EXERCISE DATA
◆ ◆ ◆
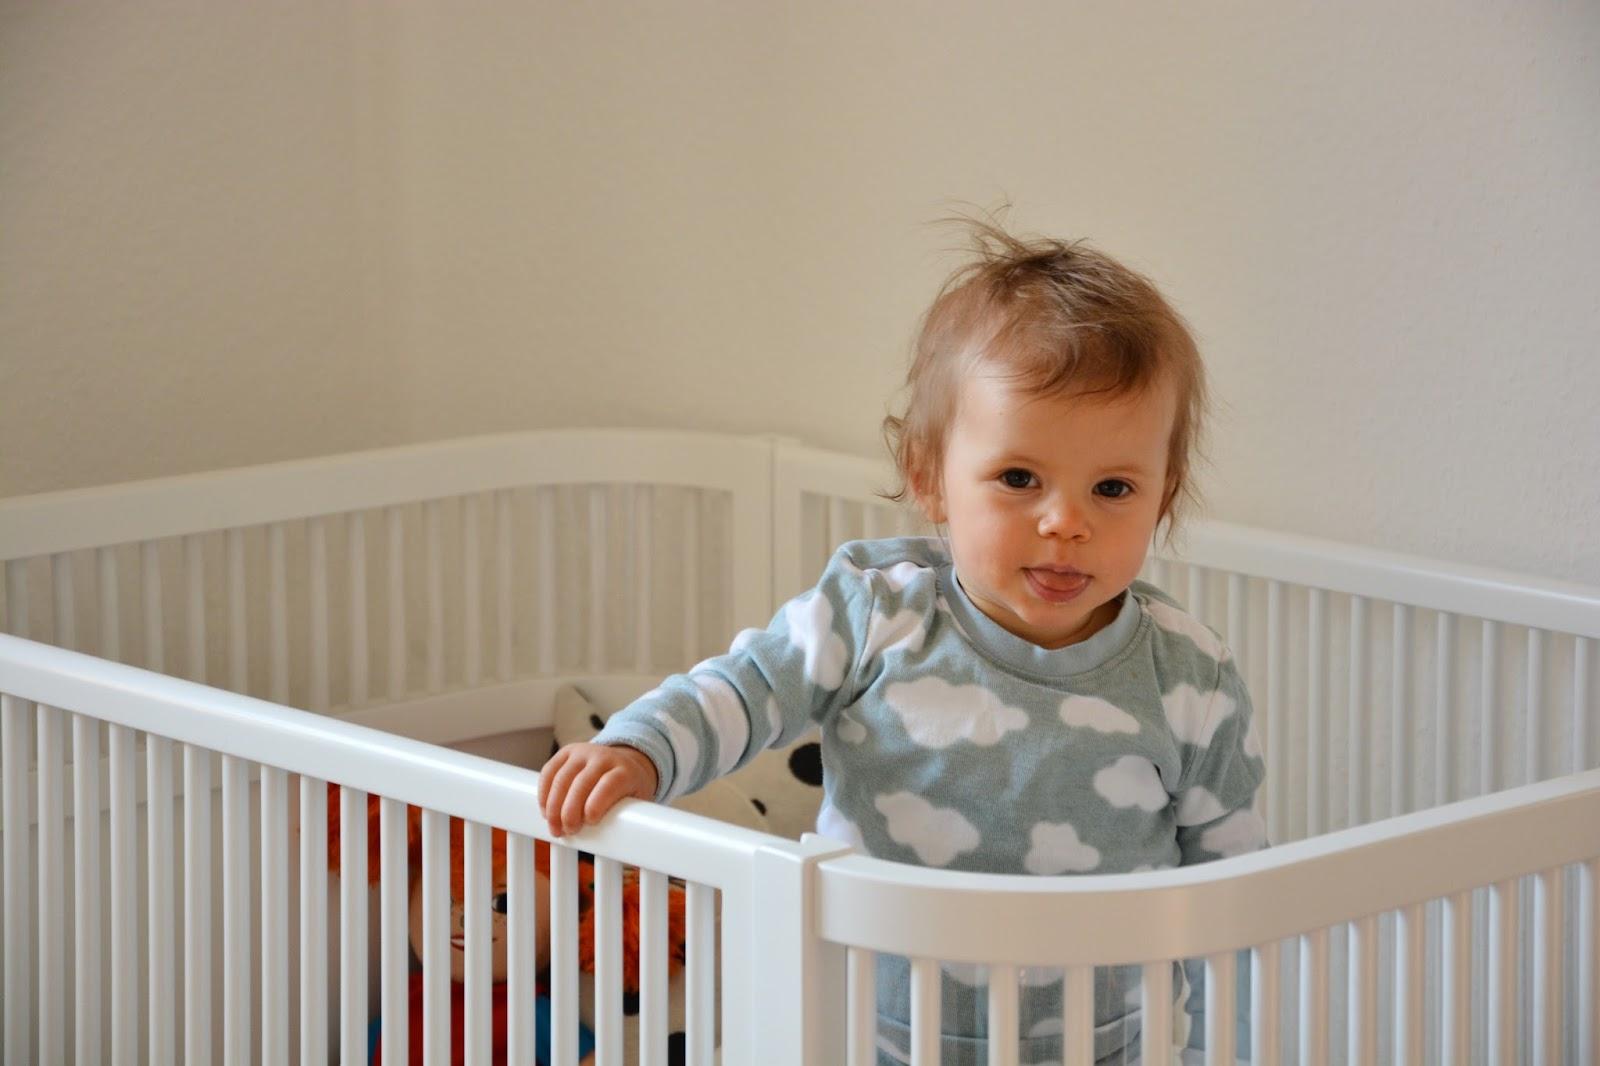 oh baby hurra das baby schl ft schlaf kindlein schlaf unsere schlaf routine oh. Black Bedroom Furniture Sets. Home Design Ideas
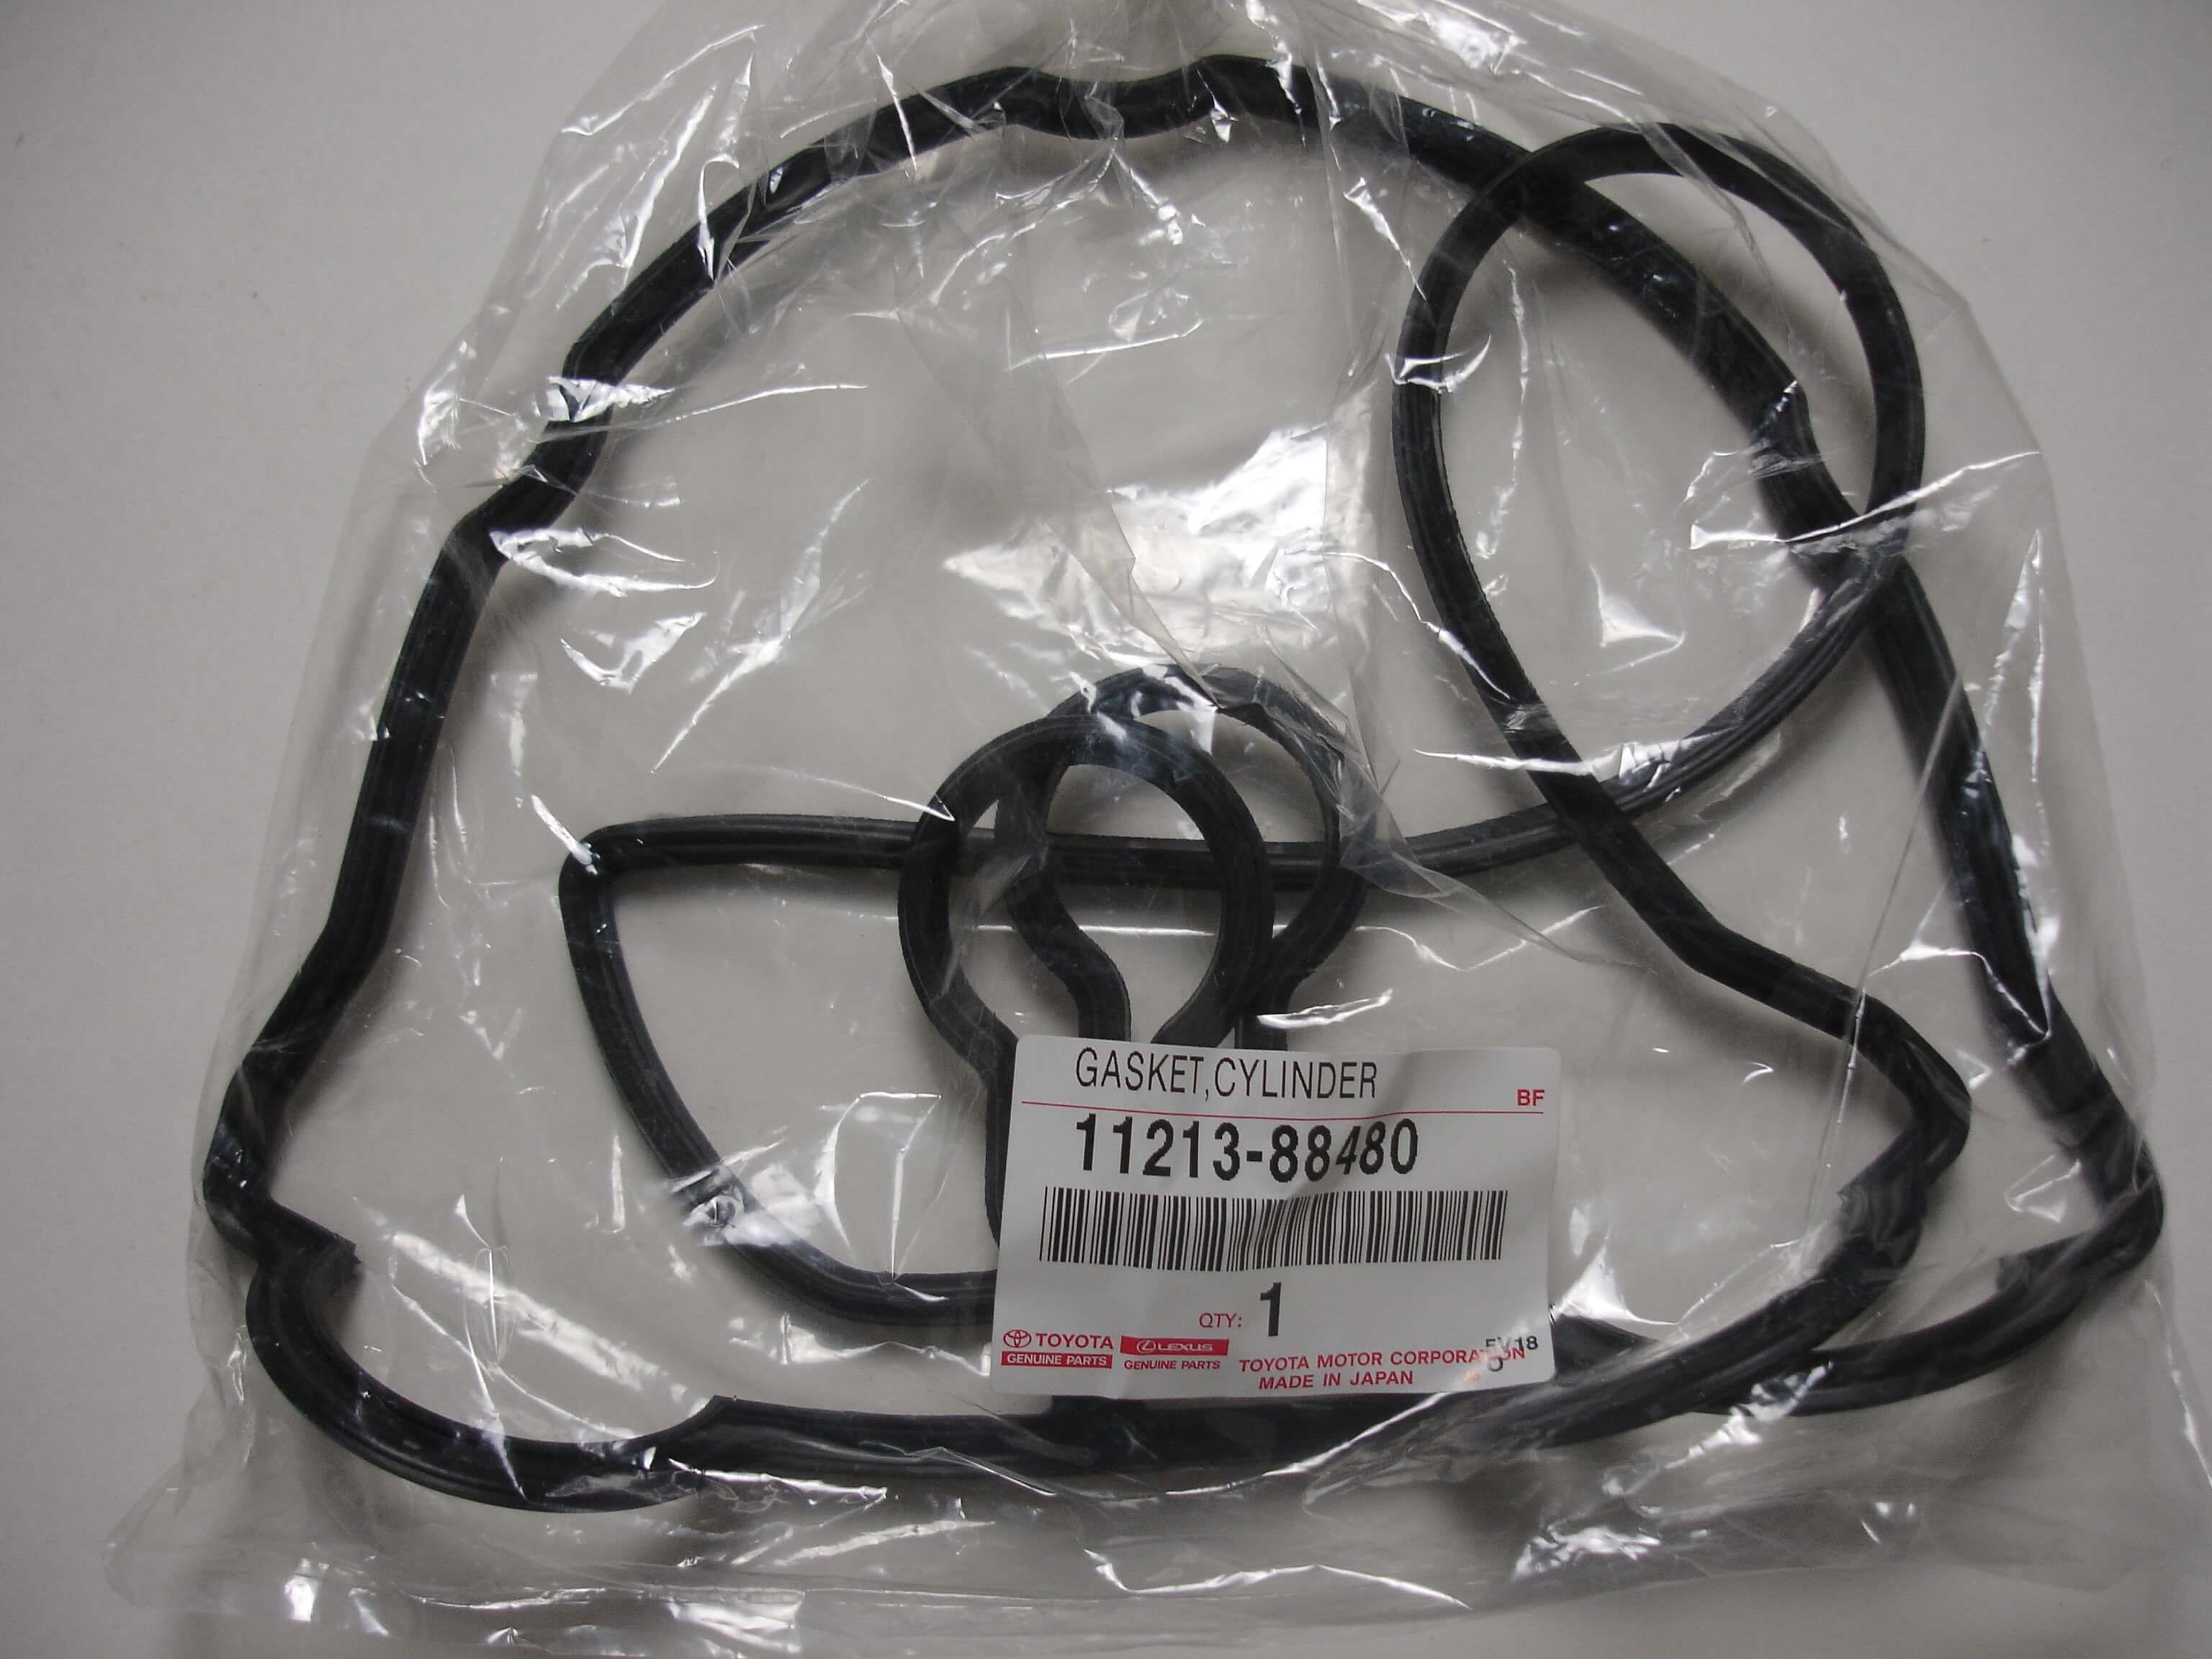 Toyota OEM 3S-GTE Gen 3 Valve Cover Gasket Set 11214-88480 11213-88480
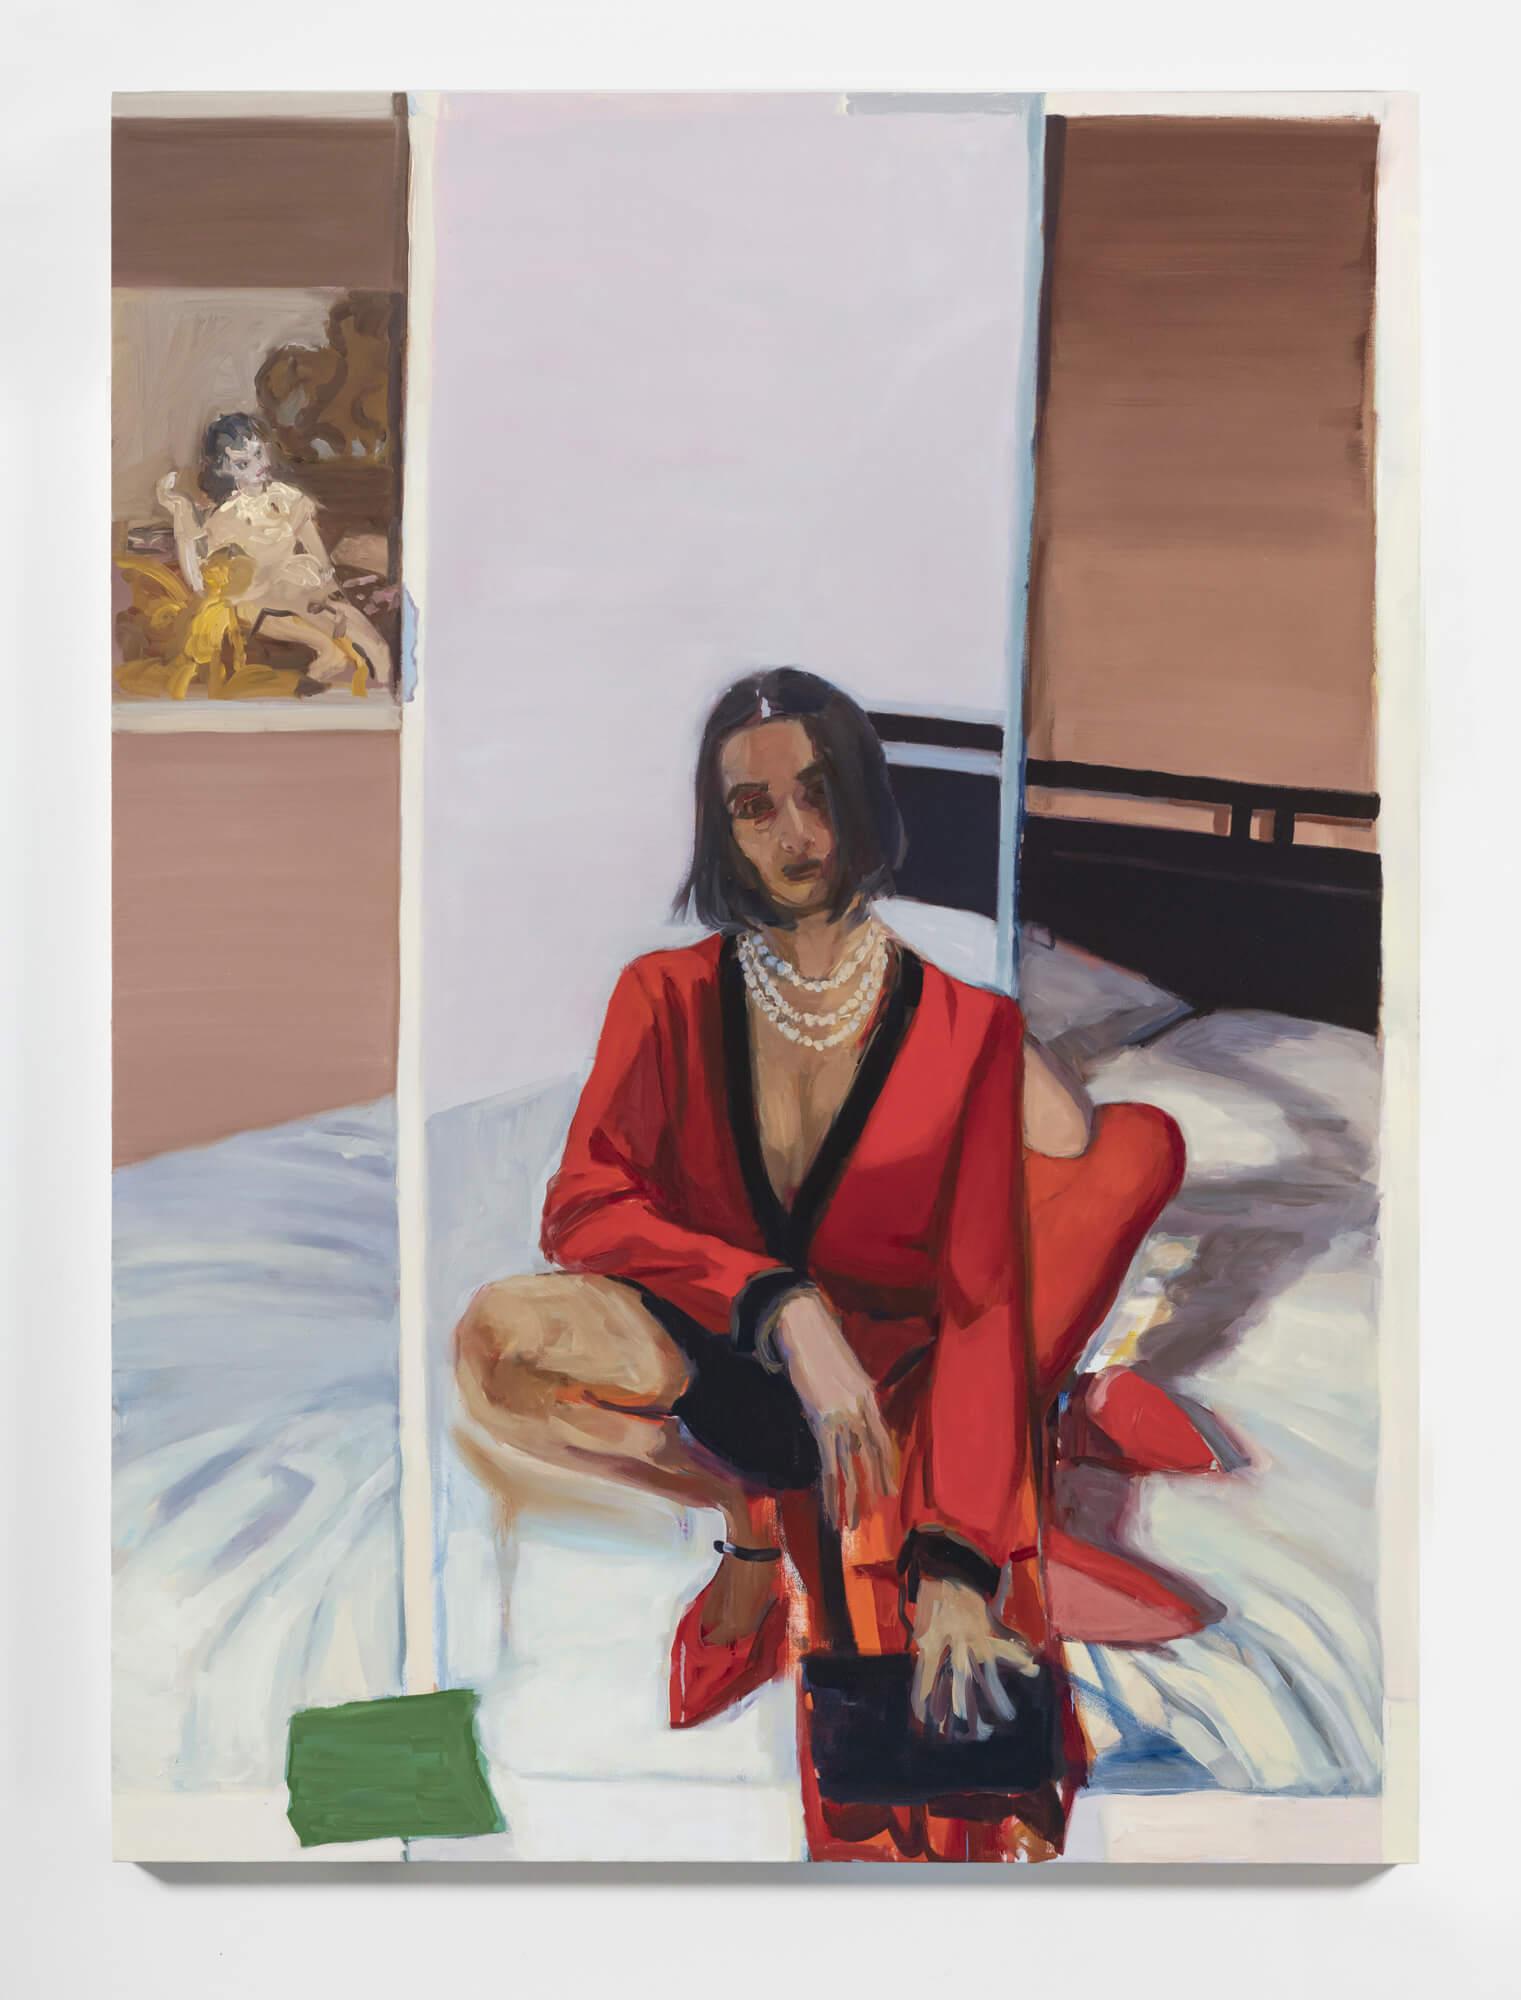 La Presse, 2021 | Des femmes, une grande peintre
◆ ◆ ◆
TASK TO COMPLETE
Reproduce word for word the lines from the line holding "Toyota OEM 3S-GTE" through the last line of the material above, inclusive, and keep pictures out of it.

EXPECTED ANSWER
 Toyota OEM 3S-GTE Gen 3 Valve Cover Gasket Set 11214-88480 11213-88480
 La Presse, 2021 | Des femmes, une grande peintre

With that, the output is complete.